Quoting Chris F Clark (cfc@world.std.com):

> The closest approximation I'm aware of is "sell the present, free the
> past".  It's not a bad model.

As you probably know, this is what L. Peter Deutsch's AFPL Ghostscript
(formerly Aladdin Ghostscript) does.

> However, some of us would like to truly give our current code away in
> a truly open source form and still sell it.  I myself am dealing with
> exactly that conundrum.  

It's a difficult problem, and I'm in sympathy with people wanting to
find a way.  Depending on the product, it might be possible to issue an
instance of the core piece of your product under a copyleft licence
without impairing your ability to sell the complete product as generally
packaged.  Whether this arrangement is beneficial depends, of course, on
the nature of the product:  Conceivably, with a suitable type of core
component -- say, an encryption engine -- this would let the entire
world more-properly appreciate the design (and even contribute to it, if
they wished).  At the same time, the copyleft provisions covering that
code instance would (or might, for an appropriate product) prevent
competitors from proprietising your code:  That right would be reserved
to you as copyright holder.  People wishing to incorporate the core
component into proprietary code would be obliged to acquire from you a
separate code instance under your choice of proprietary terms.

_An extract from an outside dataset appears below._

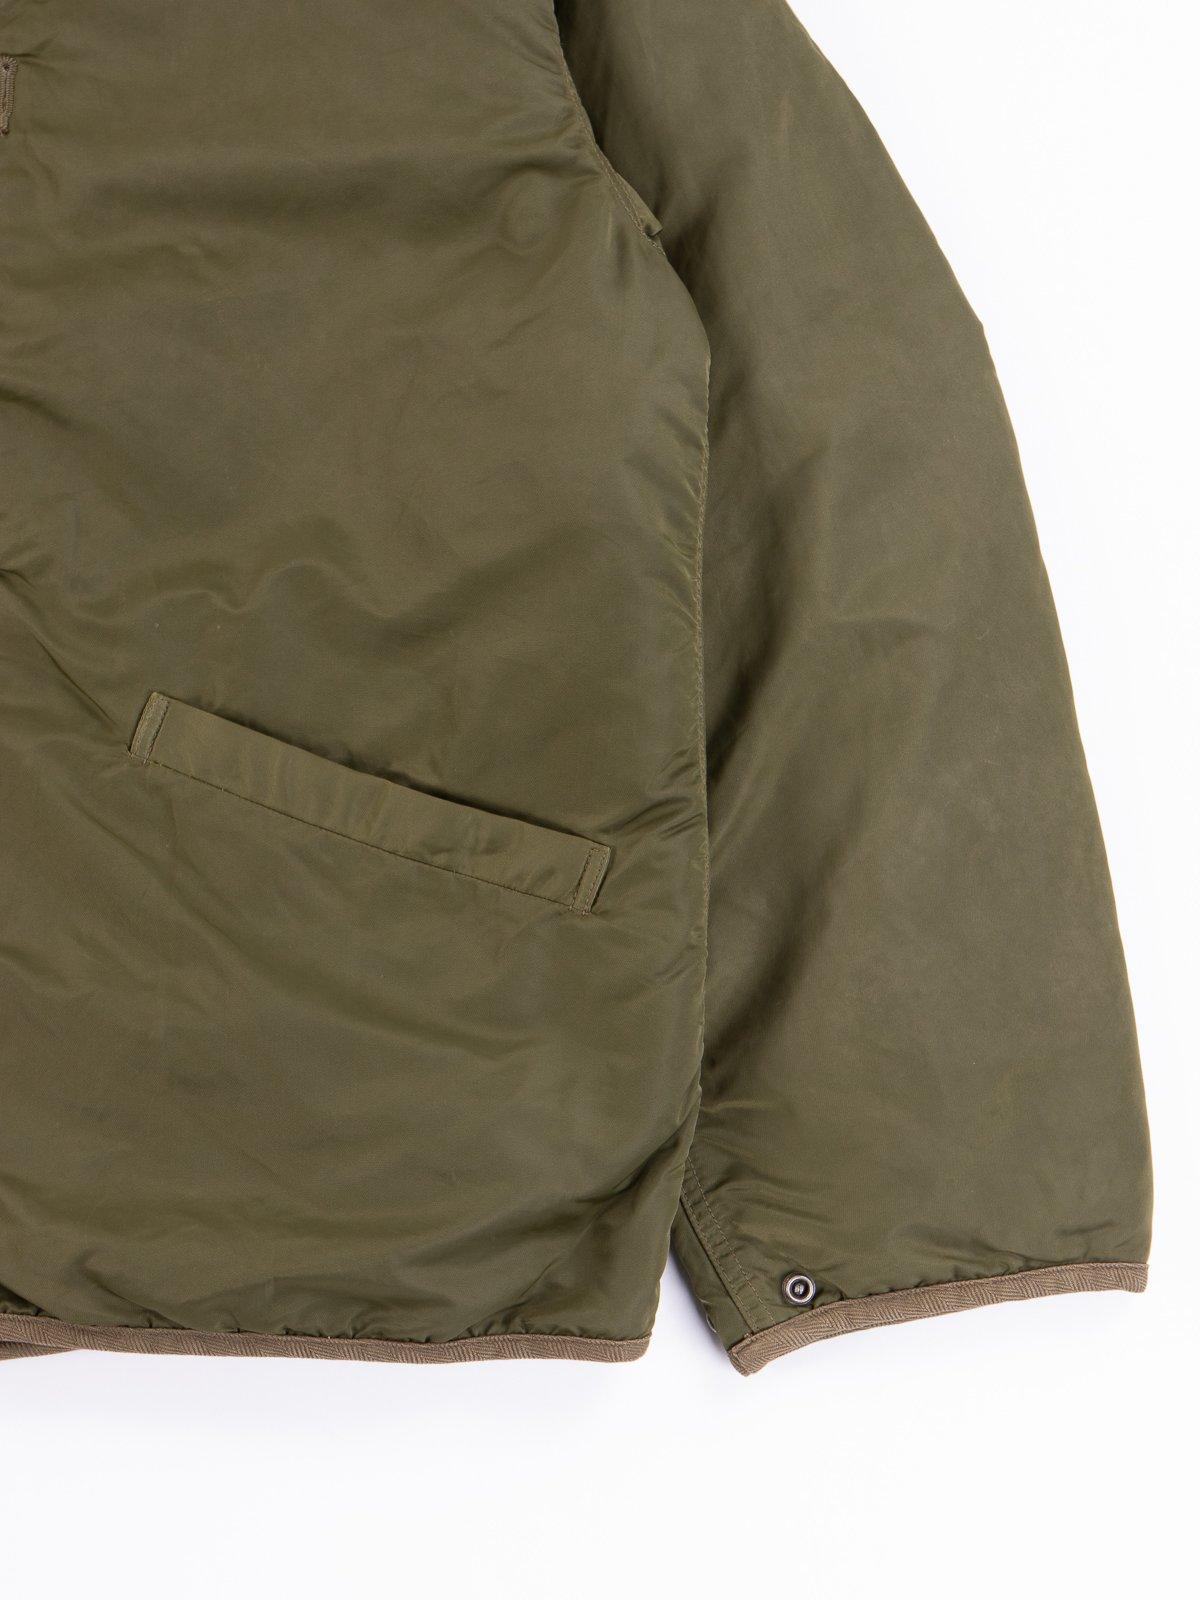 Olive Iris Liner Jacket - Image 3

> And despite the apprehensions of some members of this list, assuming
> that the only reason to want to do so, is to hijack the open source
> concept for commercial gain, there are propretary software vendors out
> there who wish to make their software more open source, one small step
> at a time, not for any self-serving reason, but simply because it has
> the "right" feel.

I think this is generally understood.  I imagine most parts of the
open source community just object to occasional efforts (not from you!) 
to misapply the term "open source" to clearly proprietary licensing, or
lobby the OSI Board to approve such licences.

Rhetoric from certain commercial interests (not from you) about the OSD
"requiring" businesses to do things, open source being "parasitic", etc.
just becomes tiresome noise and special pleadings after a while.

> Better for us would be a license that was closer to open source (or
> better yet truly open source) that recognized that derived works were
> still a right that as the original copyright owners we retained.

Unfortunately for this initiative, the right to fork (OSD provision #3)
is pretty much _the_ core concept of open source.  In my view, pretty
much the entire rest of the OSD is "fencing" around that central idea, 
aiming to prevent people guaranteeing it ostensibly but not in
substance.

It's possible that what you describe is nonetheless possible in an
OSD-compliant licence, and I'm just not yet understanding what you have
in mind.

-- 
Cheers,            There are only 10 types of people in this world -- 
Rick Moen          those who understand binary arithmetic and those who don't.